Deswegen ist in der Gestalttherapie die Bewusstheit über
das „Symptom“ die wichtigste Voraussetzung für eine Veränderung.
In dem Maße wie sich die Bewusstheit des Organismus
erweitert, stellt sich die gesunde organismische
Selbstregulierung wieder her.
Die Hauptwerkzeuge eines Gestalttherapeuten sind sein eigenes Gewahrsein, Dialog
und Experimente, wobei er vornehmlich mit dem
Offensichtlichen, mit dem, was er sieht und hört, arbeitet.
Wichtig ist, dass der Klient seine eigenen Antworten findet.
Mögliche
Techniken,
die jedoch nur nachgeordnete Hilfsmittel sind und den Prozeß
nur fördern, nicht jedoch steuern sollen, können folgende
sein:
Traumarbeit, Körperwahrnehmung, Übertreibung, Rollenspiel,
Dialog mit abgespaltenen Anteilen, absichtliche Projektion,
Konfrontation, geleitete Phantasie.
Therapiebeispiel:
Kl: „Ich habe Schwierigkeiten, mich auf die Traumszenen
zu konzentrieren.“ (Der Traum handelte von ihrer Beziehung
zu ihrer toten Mutter).
Th: „ Können sie mehr zu ihren Schwierigkeiten sagen?“
Kl: „Ich fühle mich abgelenkt, die Szenen scheinen weit
weg.
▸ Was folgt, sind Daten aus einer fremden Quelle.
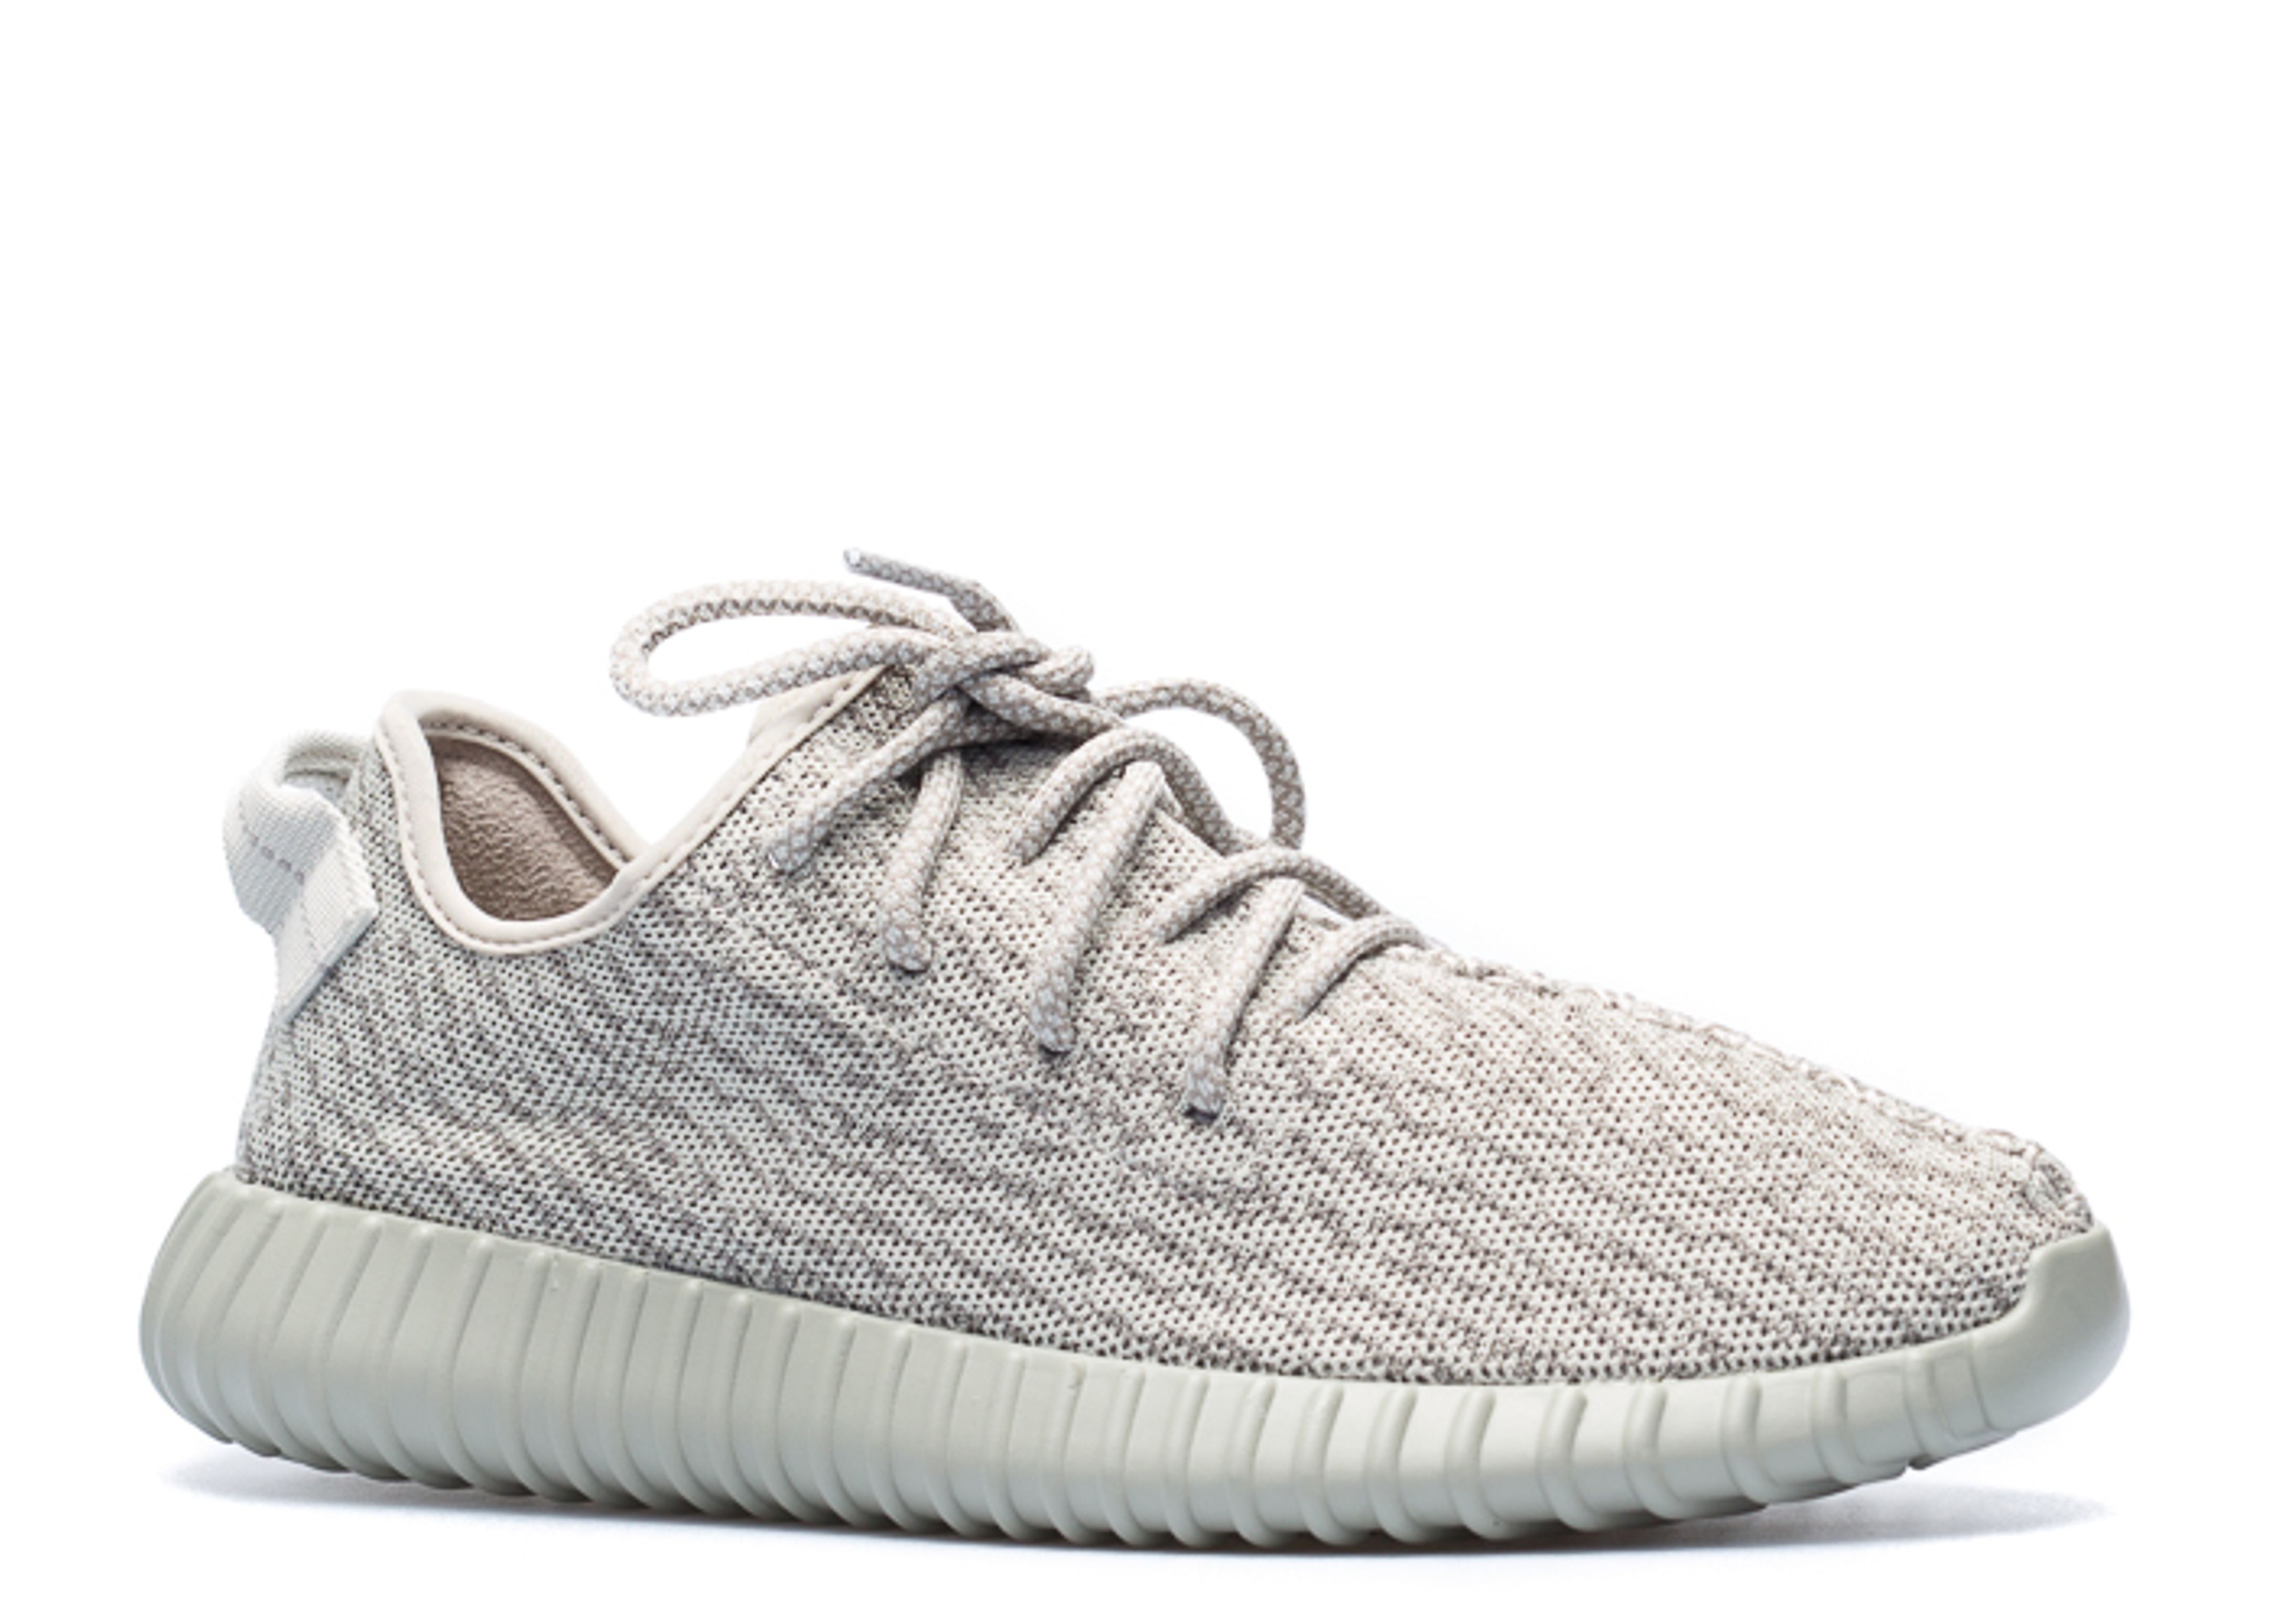 Adidas Yeezy Boost 350 MOONROCK Unboxing Review

Ich merke, dass ich flach atme und ich halte meine Hände
zusammen.“
Th: „Bleiben sie weiter bei diesem Erleben und sagen sie
mir, was sie dabei empfinden.“
Kl: „Ich fühle mich aufgewühlt, meine Schultern sind
verspannt und die Augen tun weh, so, als wollte ich
weinen.“
Th: „Wollen Sie denn weinen?“
Kl: „Ja, aber ich kann nicht.“
Th: „Sind sie sich bewusst, wie sie sich am Weinen
hindern?“
Kl: „Ja, meine Wangen sind sehr hart, als ob mein Kiefer
festgeschraubt wäre. Und die Spannung in meiner Brust hält
mich auch zurück.“
Der Therapeut schlägt ihr eine Veränderung ihrer Position vor, so
dass sie tiefer atmen kann, sowie Entspannungsübungen
für ihren Kiefer. Sobald sie seinem Vorschlag nachkommt,
beginnt sie in heftiges Weinen auszubrechen. Sie erkennt, dass
sie mit dem Weinen endlich um ihre tote Mutter trauert, wozu
sie nicht in der Lage war, als ihre Mutter starb.